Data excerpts
□ □ □

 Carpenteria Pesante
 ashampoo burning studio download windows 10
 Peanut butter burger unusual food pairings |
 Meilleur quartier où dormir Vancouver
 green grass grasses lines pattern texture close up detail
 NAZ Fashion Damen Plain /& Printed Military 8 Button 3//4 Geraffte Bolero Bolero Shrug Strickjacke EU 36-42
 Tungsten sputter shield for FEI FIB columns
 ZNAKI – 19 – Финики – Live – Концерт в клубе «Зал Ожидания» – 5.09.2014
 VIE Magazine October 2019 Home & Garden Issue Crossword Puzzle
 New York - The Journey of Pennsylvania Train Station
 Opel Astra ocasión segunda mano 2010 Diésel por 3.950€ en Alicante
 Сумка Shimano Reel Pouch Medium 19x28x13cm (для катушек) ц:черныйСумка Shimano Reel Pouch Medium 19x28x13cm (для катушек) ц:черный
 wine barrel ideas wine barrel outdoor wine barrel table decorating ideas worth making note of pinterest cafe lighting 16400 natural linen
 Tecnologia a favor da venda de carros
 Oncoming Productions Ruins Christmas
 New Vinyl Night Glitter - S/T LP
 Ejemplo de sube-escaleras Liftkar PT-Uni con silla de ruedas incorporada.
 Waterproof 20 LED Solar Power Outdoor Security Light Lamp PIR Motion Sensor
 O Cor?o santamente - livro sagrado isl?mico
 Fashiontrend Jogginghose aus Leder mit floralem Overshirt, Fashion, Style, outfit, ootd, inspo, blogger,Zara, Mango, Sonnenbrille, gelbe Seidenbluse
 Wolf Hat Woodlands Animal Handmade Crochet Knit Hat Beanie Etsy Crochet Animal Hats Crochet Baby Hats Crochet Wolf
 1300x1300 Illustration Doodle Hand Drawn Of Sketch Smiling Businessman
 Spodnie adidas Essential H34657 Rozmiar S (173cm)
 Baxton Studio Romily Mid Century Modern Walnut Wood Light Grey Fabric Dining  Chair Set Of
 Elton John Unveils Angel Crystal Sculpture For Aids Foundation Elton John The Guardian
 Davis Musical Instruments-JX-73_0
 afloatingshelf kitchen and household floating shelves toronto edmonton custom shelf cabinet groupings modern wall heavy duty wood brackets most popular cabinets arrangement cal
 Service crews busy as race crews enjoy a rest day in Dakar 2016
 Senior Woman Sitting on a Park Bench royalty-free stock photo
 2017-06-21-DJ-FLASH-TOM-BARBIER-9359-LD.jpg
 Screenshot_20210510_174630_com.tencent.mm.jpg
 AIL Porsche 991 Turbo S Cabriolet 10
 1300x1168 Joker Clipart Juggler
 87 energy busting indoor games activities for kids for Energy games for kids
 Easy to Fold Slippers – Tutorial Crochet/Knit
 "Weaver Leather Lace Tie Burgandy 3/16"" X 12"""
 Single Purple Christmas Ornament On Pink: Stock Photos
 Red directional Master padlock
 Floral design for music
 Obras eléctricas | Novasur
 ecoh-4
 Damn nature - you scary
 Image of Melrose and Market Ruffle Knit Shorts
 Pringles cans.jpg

□ □ □

→ TO DO
Using the entries above, repeat only the lines from the one containing "Meilleur quartier où dormir Vancouver" through the one containing "Baxton Studio Romily", end lines included.

→ RESULT OF THE TASK
 Meilleur quartier où dormir Vancouver
 green grass grasses lines pattern texture close up detail
 NAZ Fashion Damen Plain /& Printed Military 8 Button 3//4 Geraffte Bolero Bolero Shrug Strickjacke EU 36-42
 Tungsten sputter shield for FEI FIB columns
 ZNAKI – 19 – Финики – Live – Концерт в клубе «Зал Ожидания» – 5.09.2014
 VIE Magazine October 2019 Home & Garden Issue Crossword Puzzle
 New York - The Journey of Pennsylvania Train Station
 Opel Astra ocasión segunda mano 2010 Diésel por 3.950€ en Alicante
 Сумка Shimano Reel Pouch Medium 19x28x13cm (для катушек) ц:черныйСумка Shimano Reel Pouch Medium 19x28x13cm (для катушек) ц:черный
 wine barrel ideas wine barrel outdoor wine barrel table decorating ideas worth making note of pinterest cafe lighting 16400 natural linen
 Tecnologia a favor da venda de carros
 Oncoming Productions Ruins Christmas
 New Vinyl Night Glitter - S/T LP
 Ejemplo de sube-escaleras Liftkar PT-Uni con silla de ruedas incorporada.
 Waterproof 20 LED Solar Power Outdoor Security Light Lamp PIR Motion Sensor
 O Cor?o santamente - livro sagrado isl?mico
 Fashiontrend Jogginghose aus Leder mit floralem Overshirt, Fashion, Style, outfit, ootd, inspo, blogger,Zara, Mango, Sonnenbrille, gelbe Seidenbluse
 Wolf Hat Woodlands Animal Handmade Crochet Knit Hat Beanie Etsy Crochet Animal Hats Crochet Baby Hats Crochet Wolf
 1300x1300 Illustration Doodle Hand Drawn Of Sketch Smiling Businessman
 Spodnie adidas Essential H34657 Rozmiar S (173cm)
 Baxton Studio Romily Mid Century Modern Walnut Wood Light Grey Fabric Dining  Chair Set Of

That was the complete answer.